Now that the president has lost the “Morning Joe” crowd, ObamaCare may be in even deeper political trouble than we thought.
The MSNBC chatfest is generally sympathetic to the administration. And Joe Scarborough, a former Republican congressman, has been training most of his fire on members of his party who led the ill-fated government shutdown.
But with the feds back in business, and the media spotlight predictably back on the bungled health care effort, the punditocracy has really turned on the rollout that President Obama felt compelled to defend at a White House event yesterday.
Mark Halperin, the “Game Change” coauthor and a regular on Joe’s show, called the rollout “unacceptable” and added that “the secrecy is unacceptable,” accusing the administration of withholding information about how many people have signed up.
His fellow panelist, liberal commentator Mike Barnicle, ratcheted up from there: “They’re lying about it now,” he said. “They’re not depriving us of information, they are outright lying.” The former Boston Globe columnist called the administration’s conduct “unacceptable.”
On “CBS This Morning,” the network’s political director, John Dickerson, calls the rollout “a total fiasco,” saying the administration is getting into a “credibility death spiral.”
This is, to put it mildly, a very difficult media environment.
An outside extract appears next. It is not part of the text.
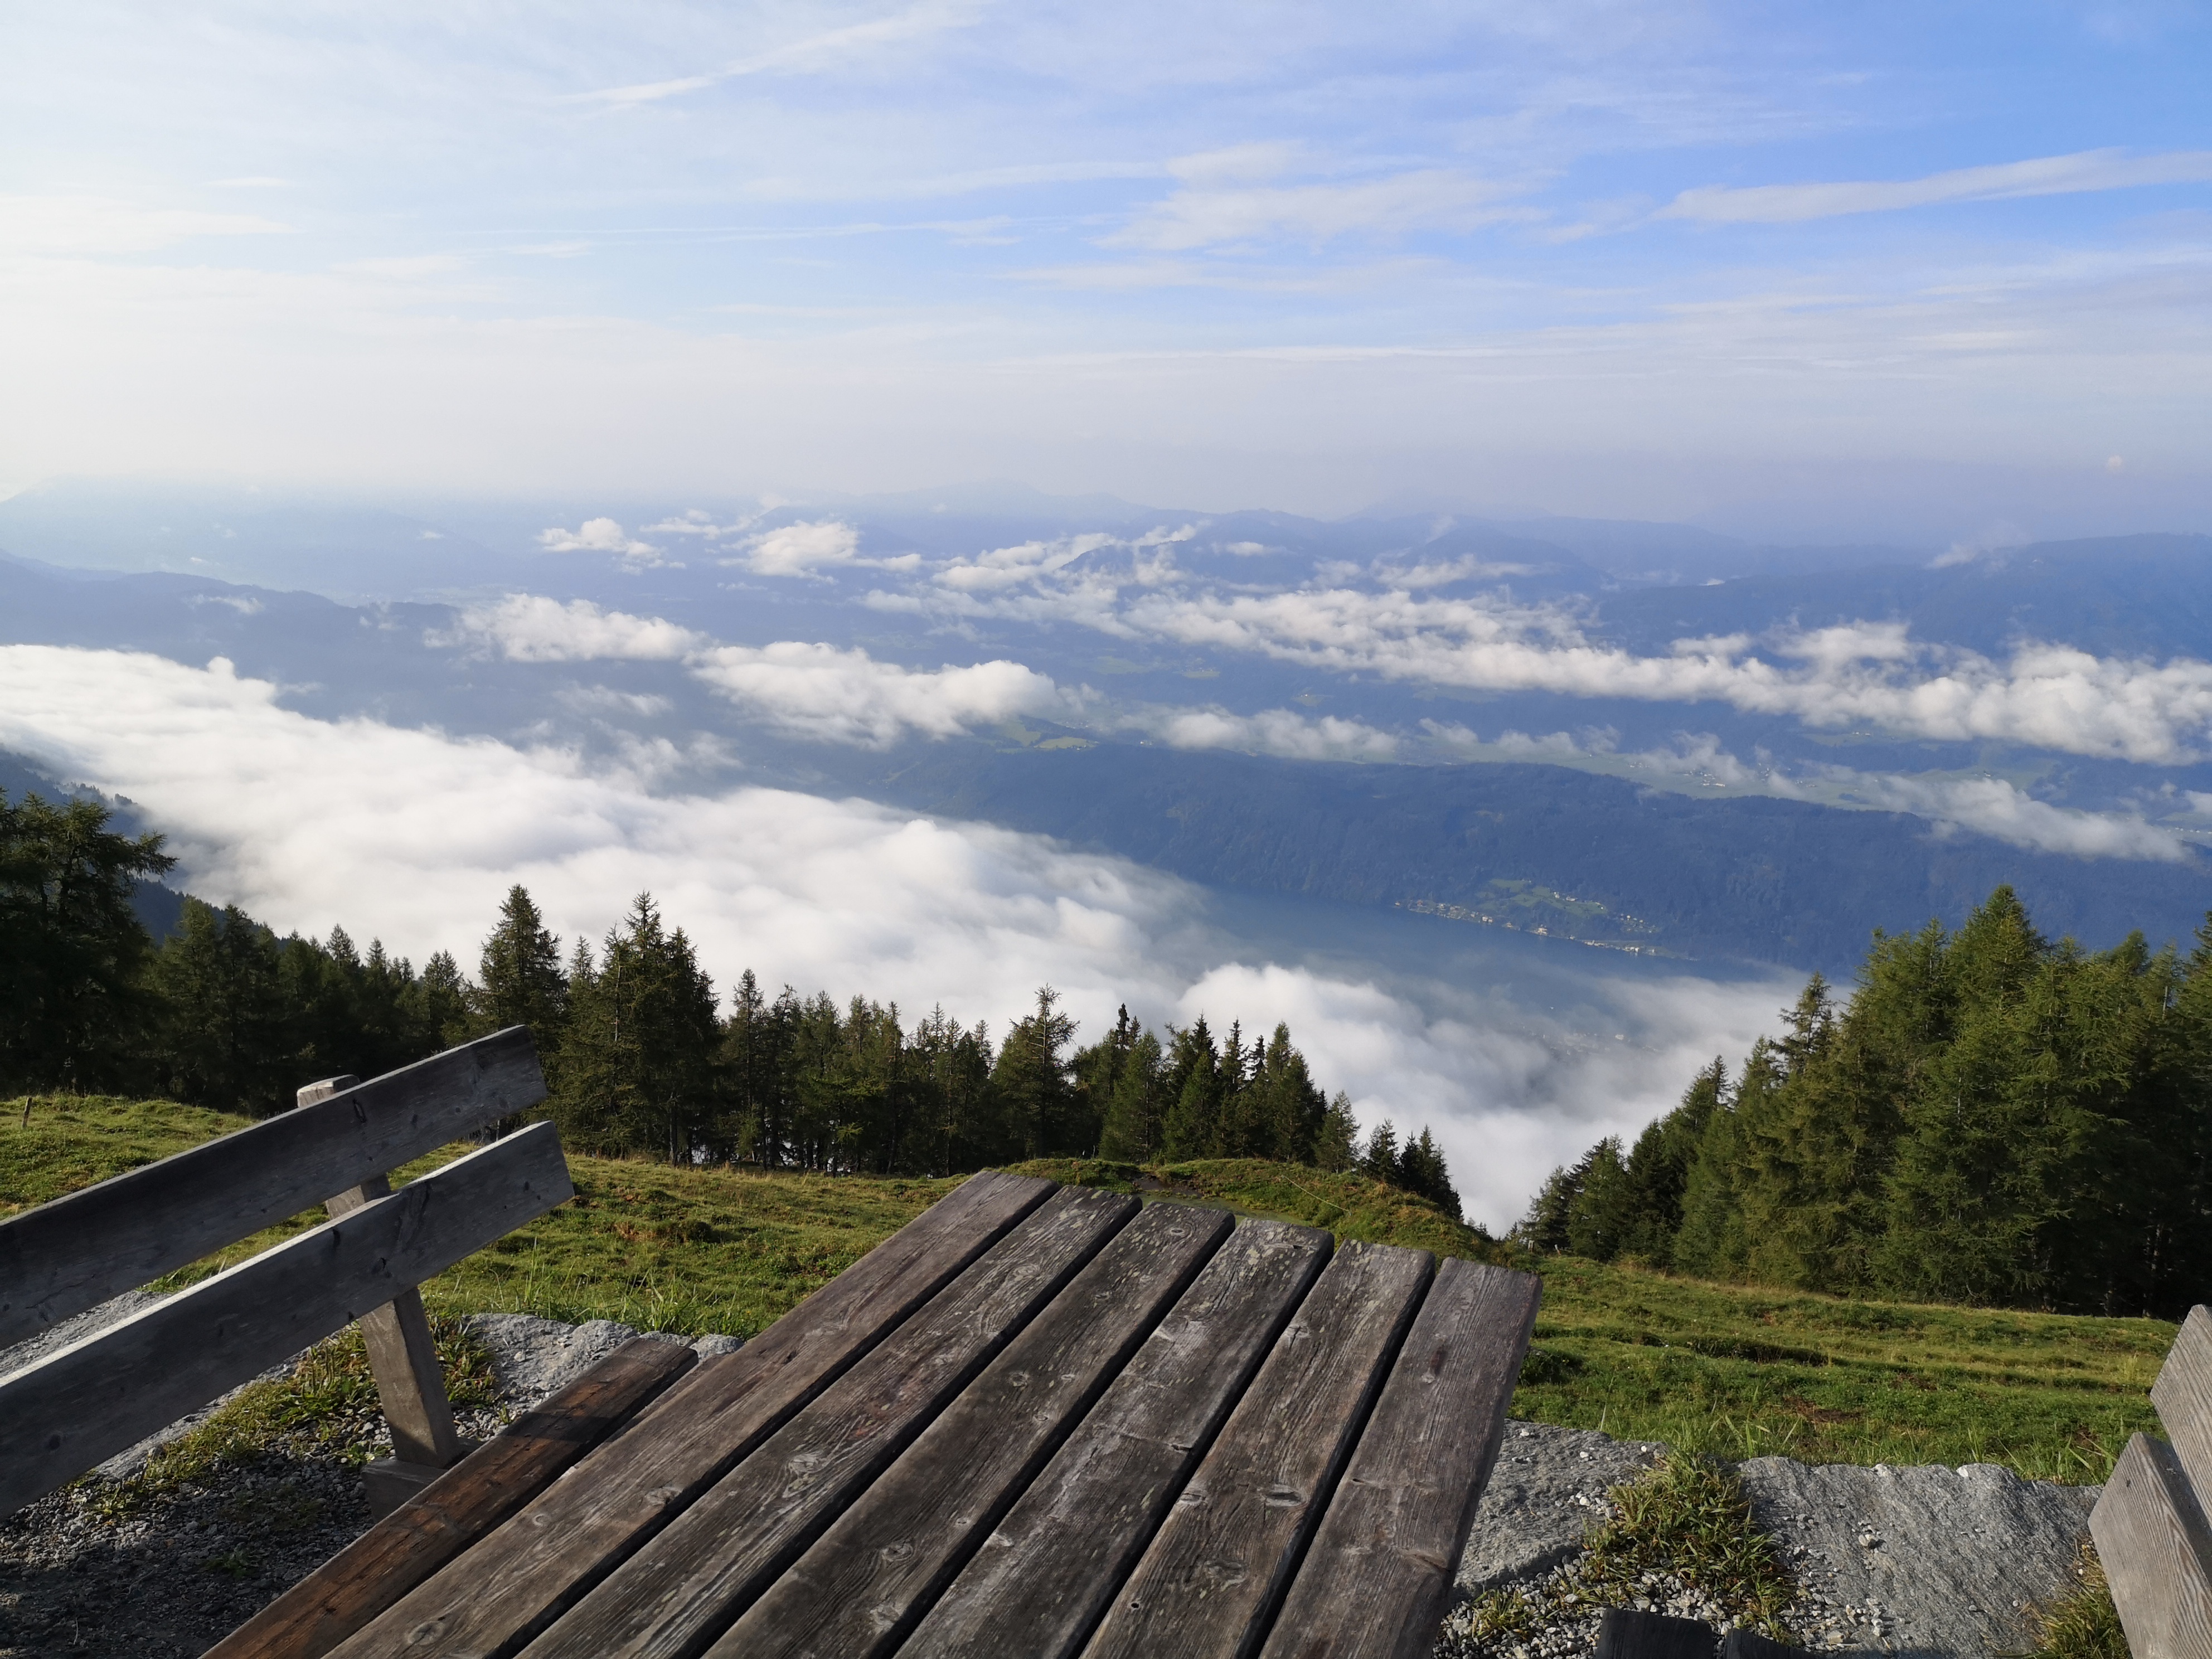 De Alpe Adria Trail - Etappe 13 - Wandelen in Karinthië, Oostenrijk
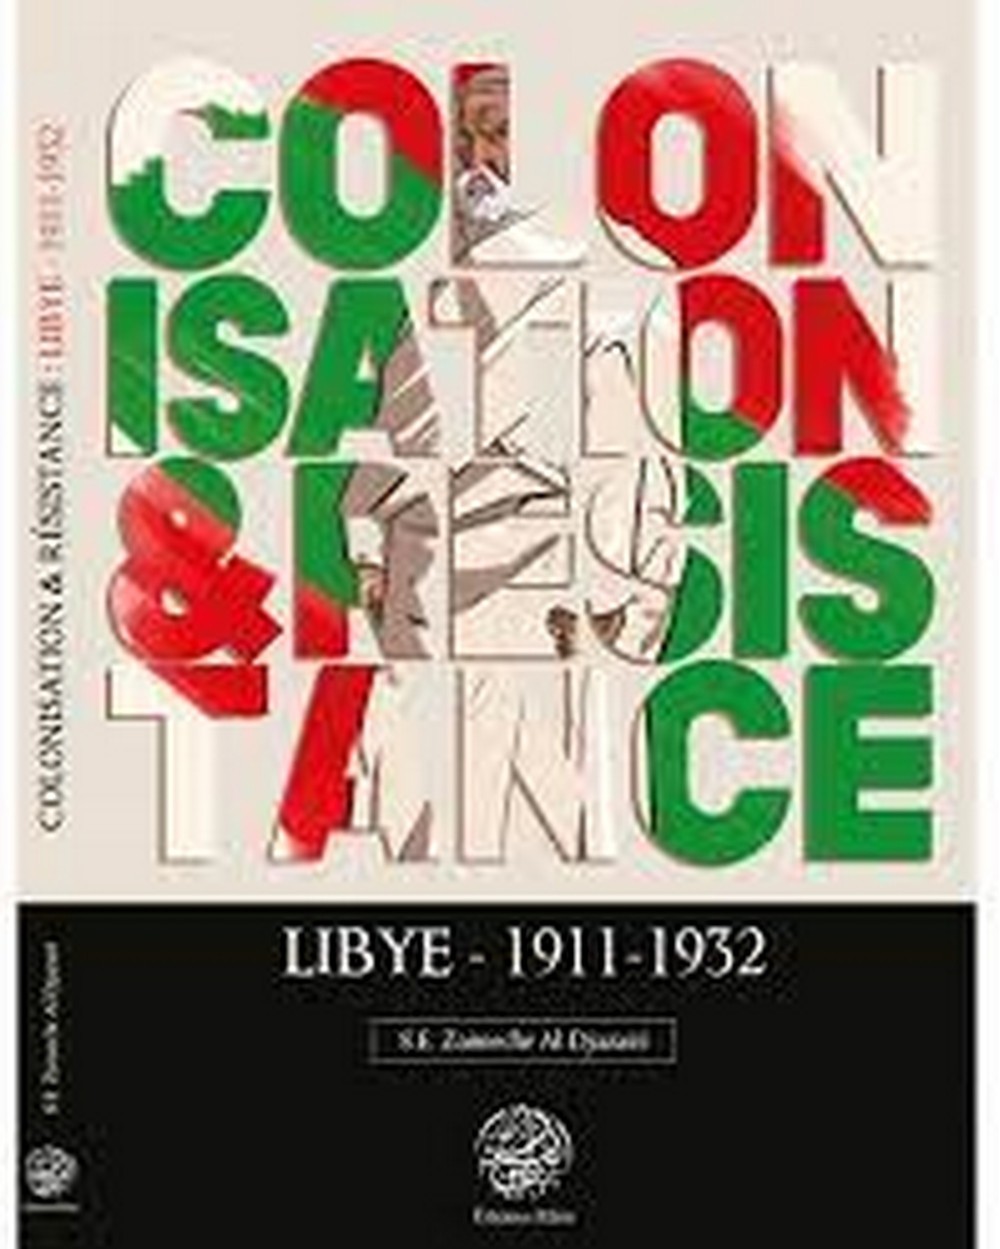 Colonization & Resistance: Libya 1911-1932

It’s not that all these pundits have turned against the idea of health insurance exchanges; it’s that they believe the execution has been badly botched.
To them, the issue is incompetence—an easier target for journalists wary of taking an ideological stance.
Obama’s speech yesterday was not the mea culpa some had predicted. He vowed to fix what he called “kinks” in the system, but generally delivered an upbeat defense of the program.
As liberal Washington Post blogger Ezra Klein tweeted in mid-address, “So far, this seems weirdly similar to the speech Obama would’ve given if the exchanges were working fine.”
But they’re not working fine, and White House reporters pressed Jay Carney aggressively about what the president knew, when he knew it and whether the administration owes the country an apology. (During the shutdown, you’ll recall, the press corps didn’t ask the president a single ObamaCare question at a news conference.)
The New York Times, which has been doing solid reporting on ObamaCare’s problems, dropped this latest bomb: “Federal contractors have identified most of the main problems crippling President Obama’s online health insurance marketplace, but the administration has been slow to issue orders for fixing those flaws, and some contractors worry that the system may be weeks away from operating smoothly, people close to the project say.”
And Politico doesn’t pull punches in assessing the fallout:
“It’s not the GOP that President Barack Obama has to worry about in defending his botched health care rollout, it’s fellow Democrats.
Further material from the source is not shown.